**Problem statement**
Using the listing below, copy exactly the lines from the one containing "Peanuts Cartoon About Listening" to the one containing "Hand-dyed yarn No.148", both lines included, and no others.

**Input records**
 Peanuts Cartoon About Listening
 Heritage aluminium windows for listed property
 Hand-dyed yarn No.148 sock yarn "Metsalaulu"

...

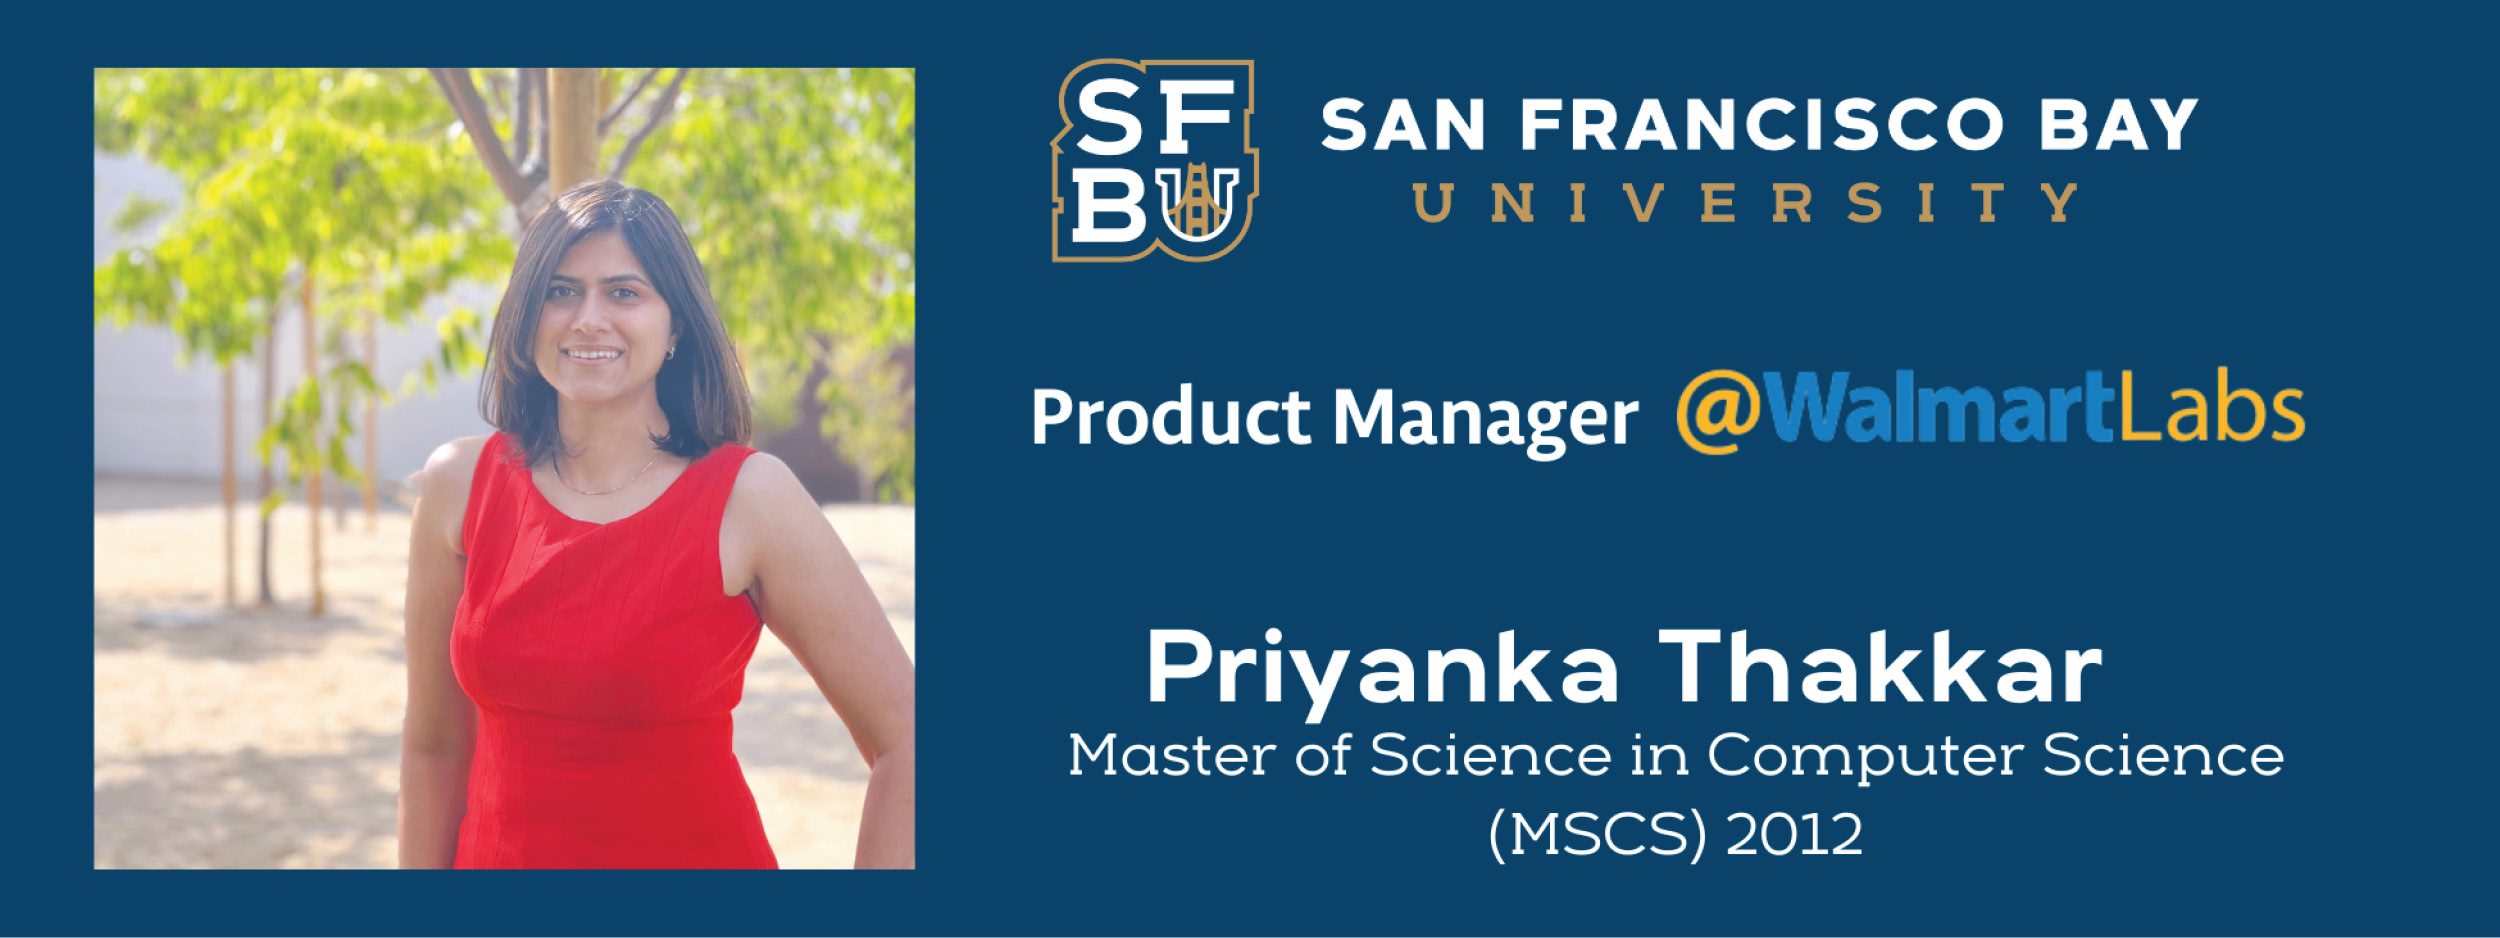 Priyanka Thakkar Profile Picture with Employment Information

**The completed task**
 Peanuts Cartoon About Listening
 Heritage aluminium windows for listed property
 Hand-dyed yarn No.148 sock yarn "Metsalaulu"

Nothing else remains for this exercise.